- [Required work] Only an exact copy of the lines from the one containing "Sculptural Design: The" through the last line of the material below belongs in the answer, with no pictures.

- [Data]

*** Block opens ***

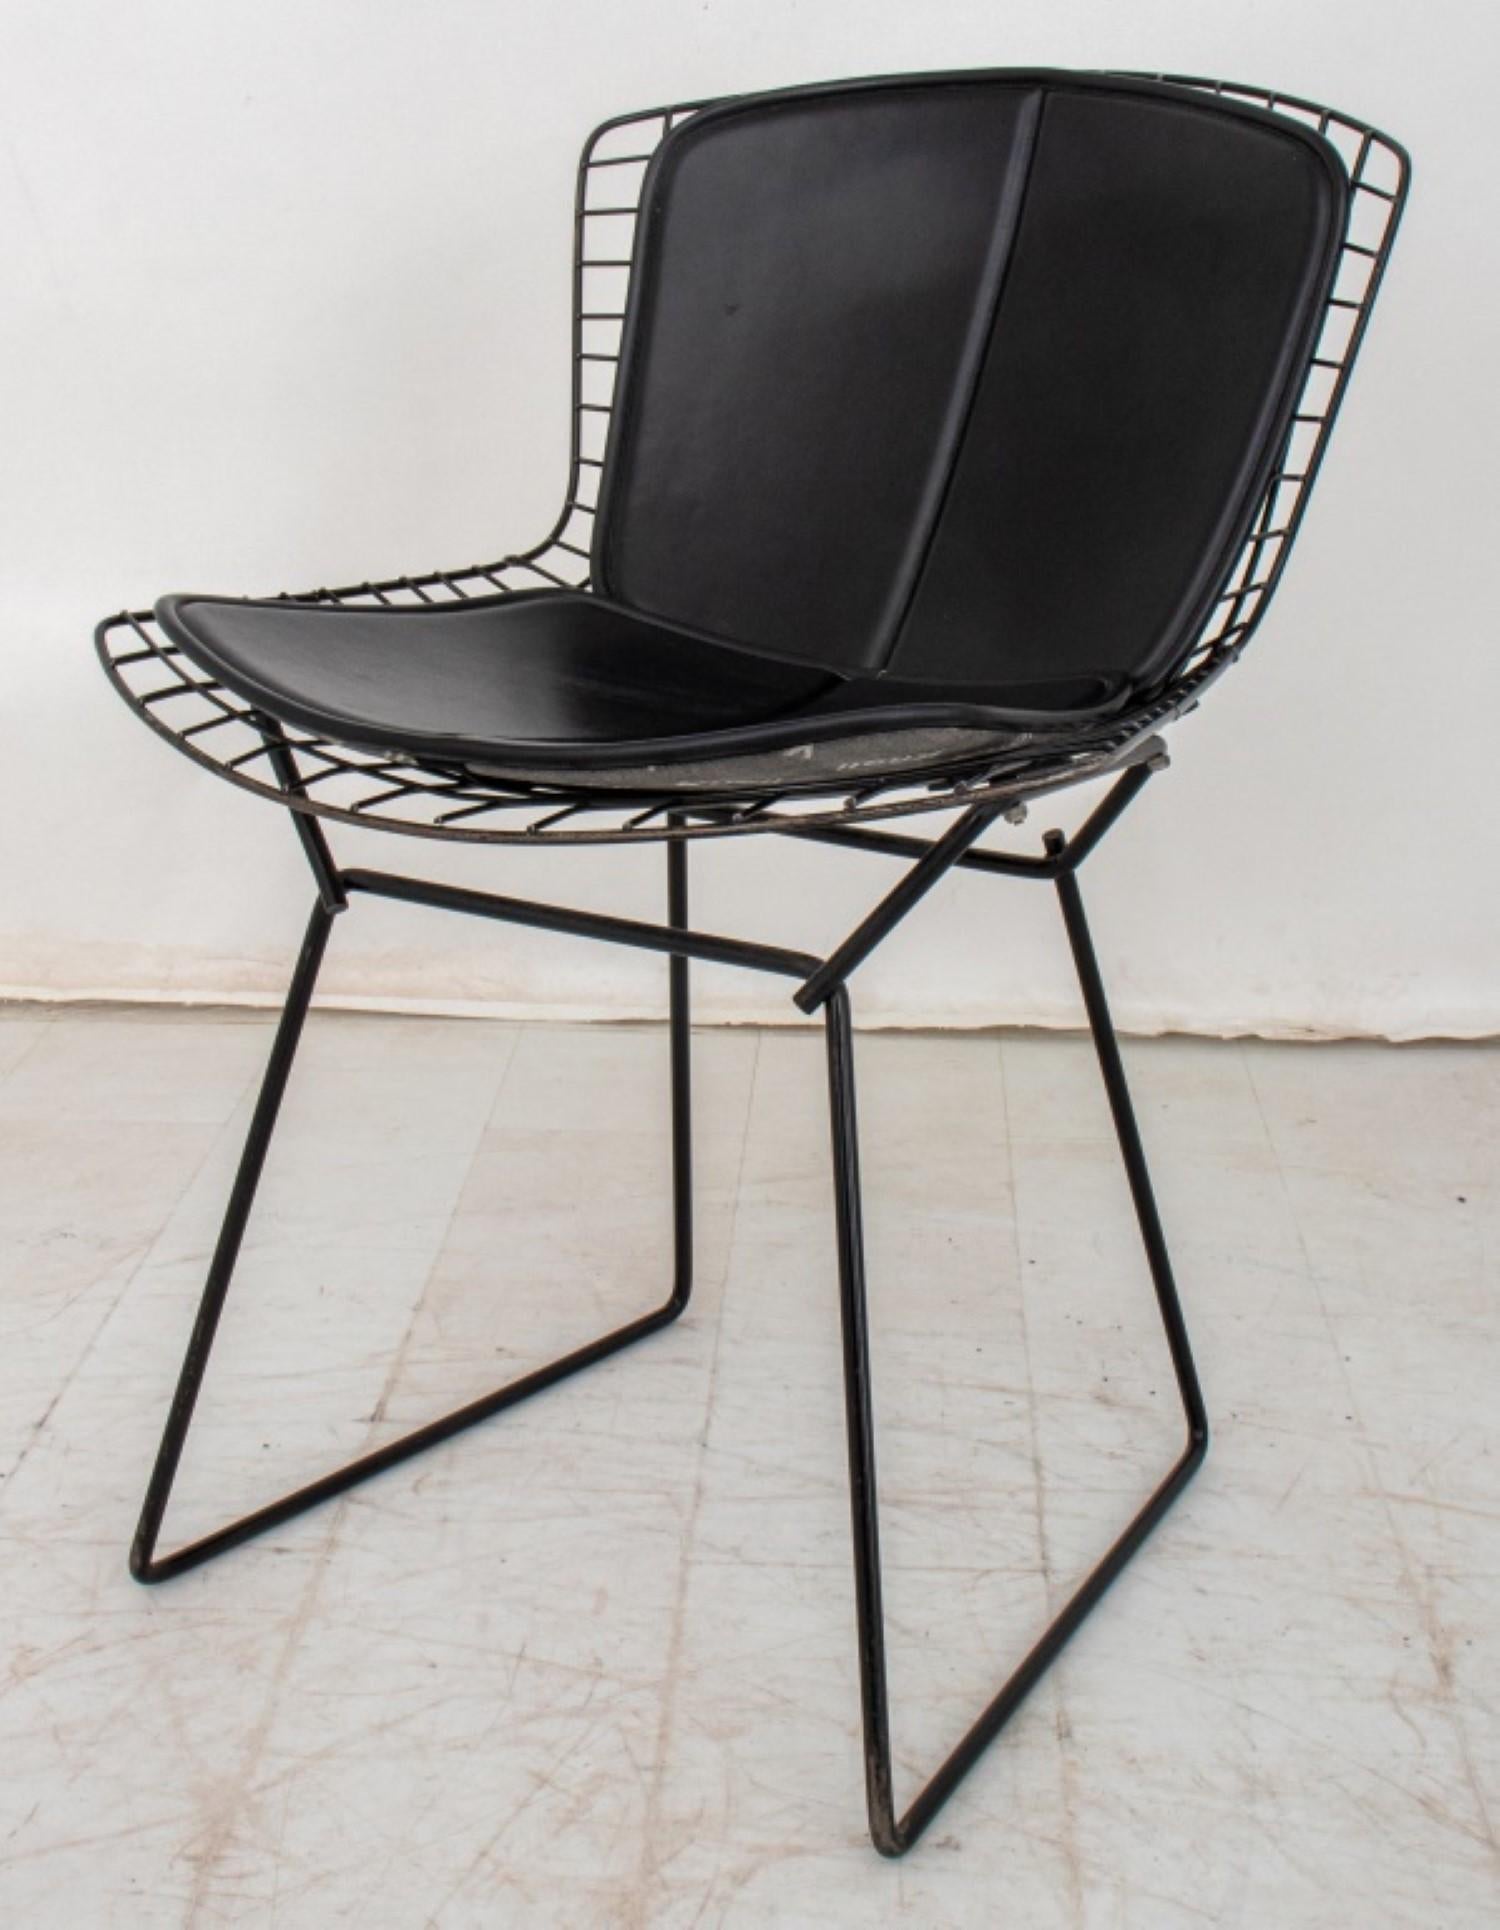 The Harry Bertoia Black Wire Chair for Knoll is a timeless piece of mid-century modern design. Its sculptural form, crafted from welded steel rods, has become an iconic symbol of the era.
Features:
Sculptural Design: The chair's unique form,
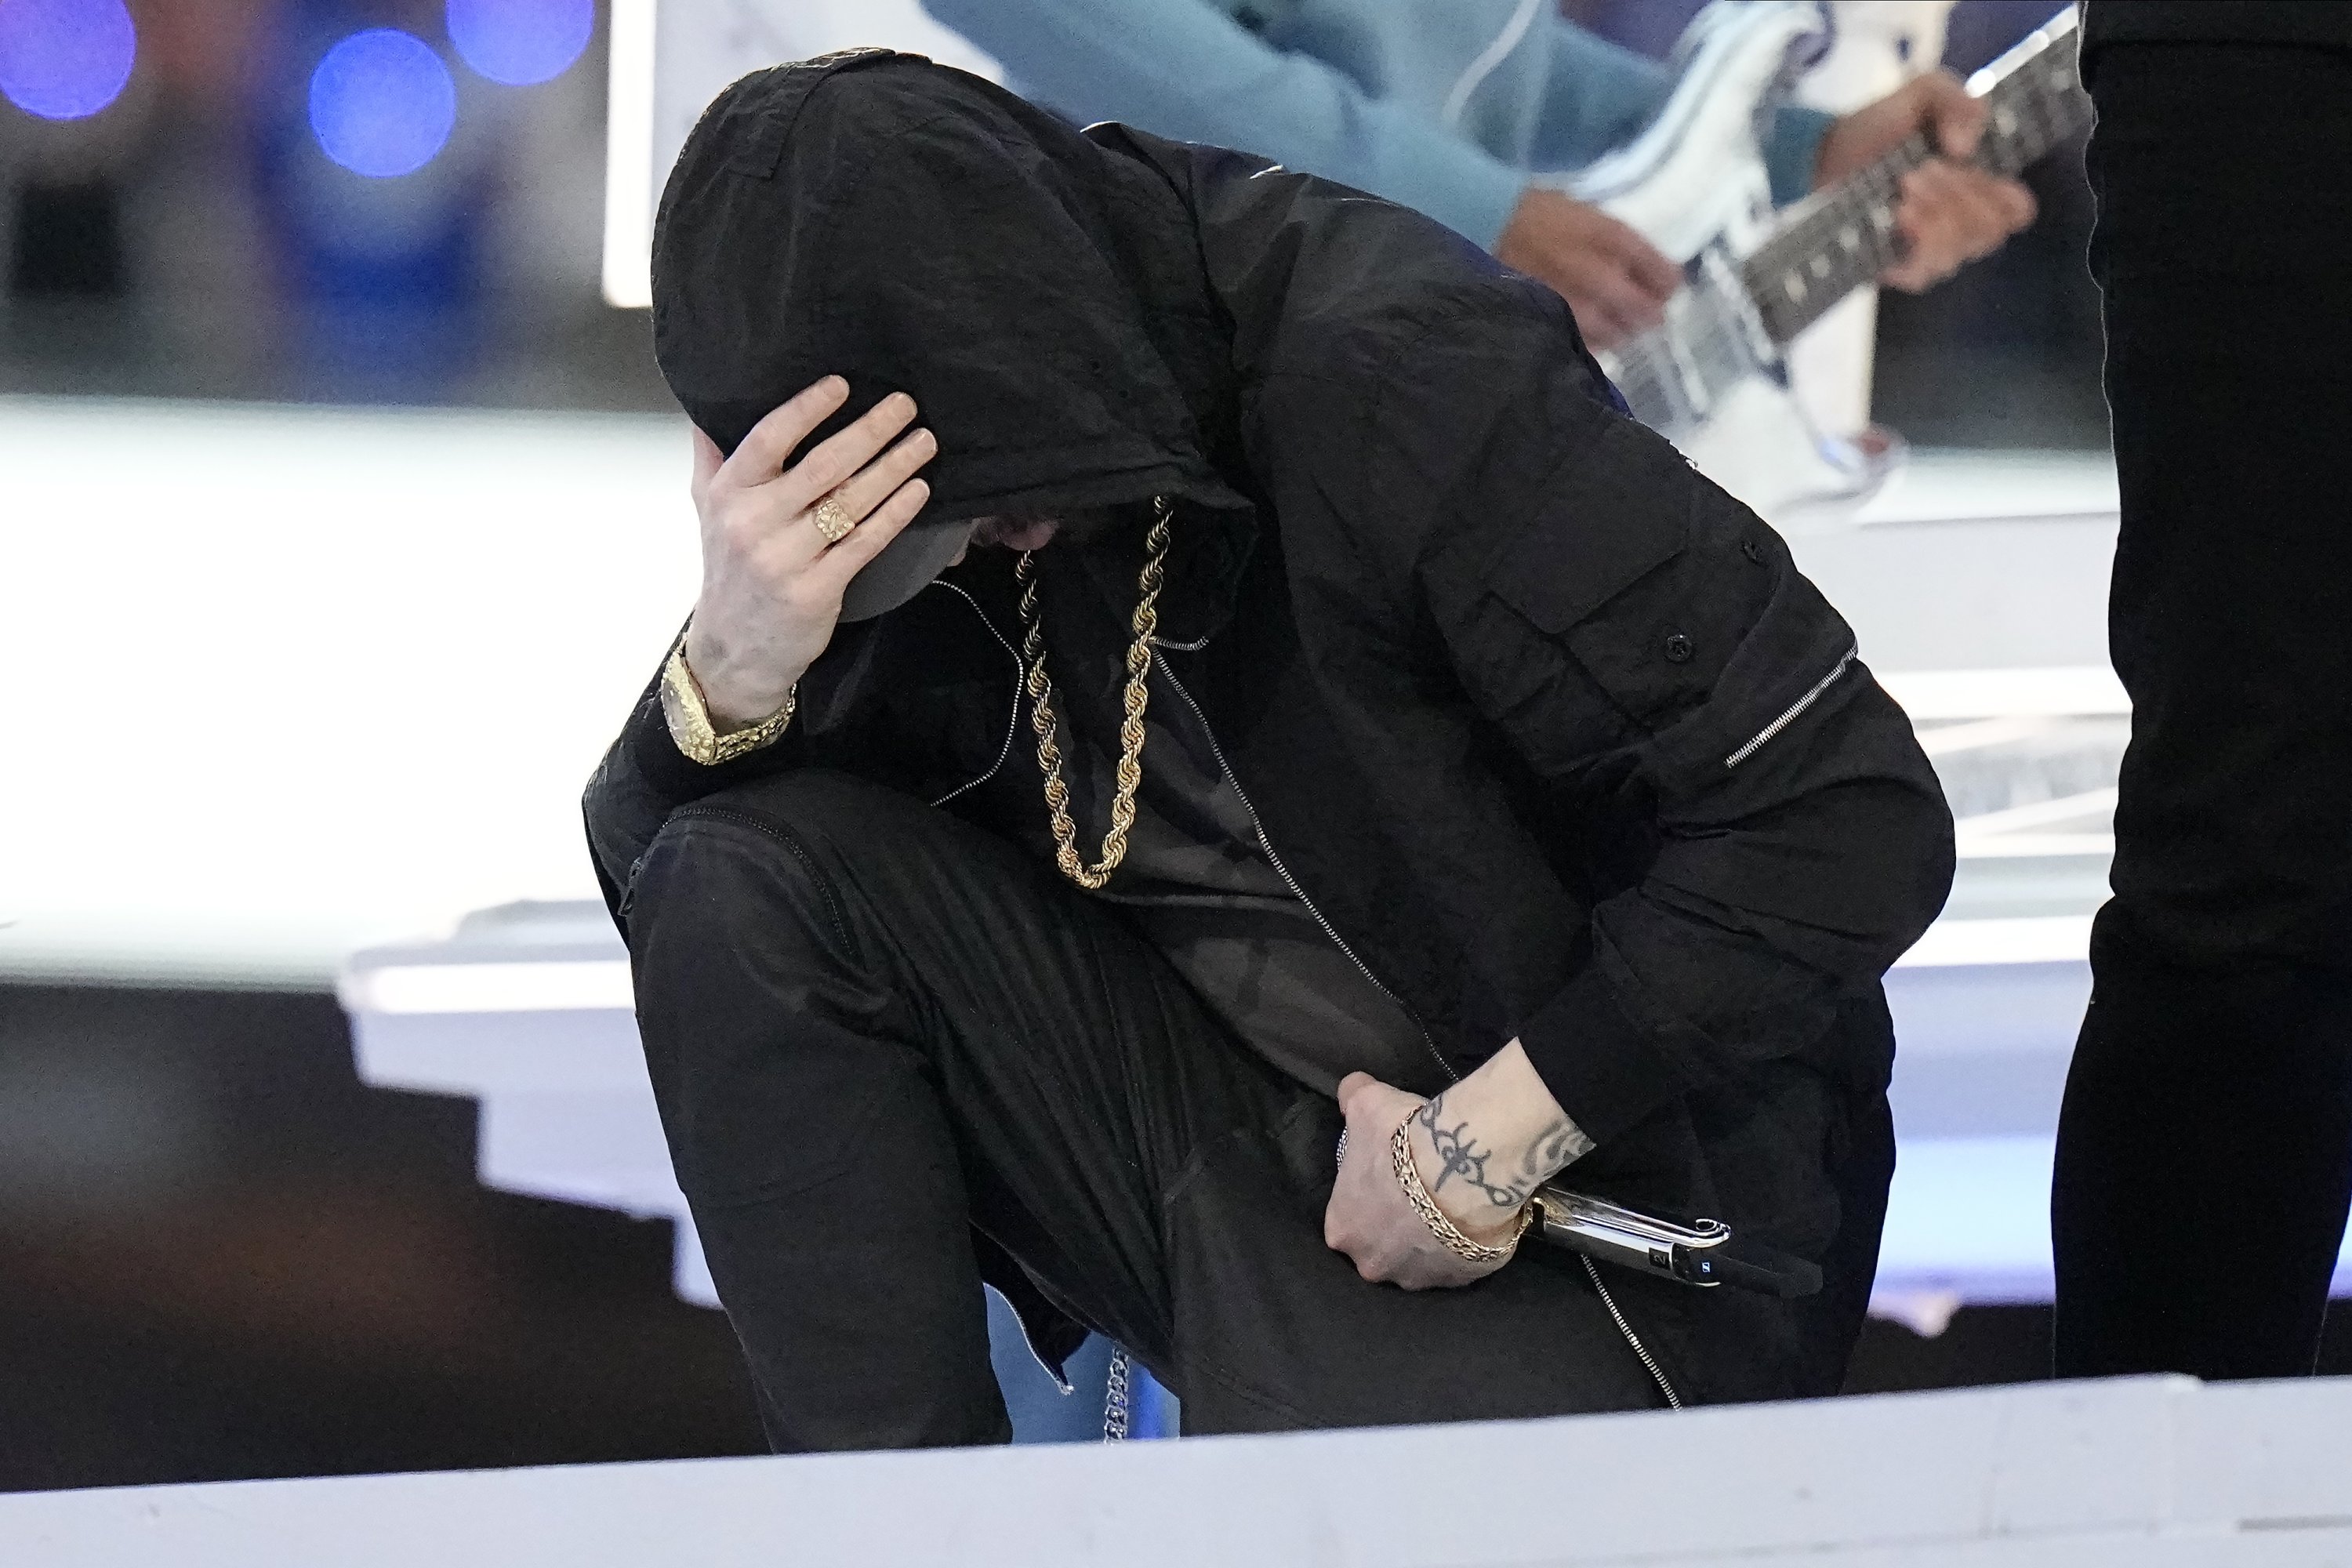 Eminem kneels down during the halftime performance at the NFL Super Bowl 56 football game between the Los Angeles Rams and the Cincinnati Bengals, Feb. 13, 2022, Inglewood, California, U.S. (AP Photo)

*** Block closes ***

- [Answer to this exercise]
Sculptural Design: The chair's unique form,
 Eminem kneels down during the halftime performance at the NFL Super Bowl 56 football game between the Los Angeles Rams and the Cincinnati Bengals, Feb. 13, 2022, Inglewood, California, U.S. (AP Photo)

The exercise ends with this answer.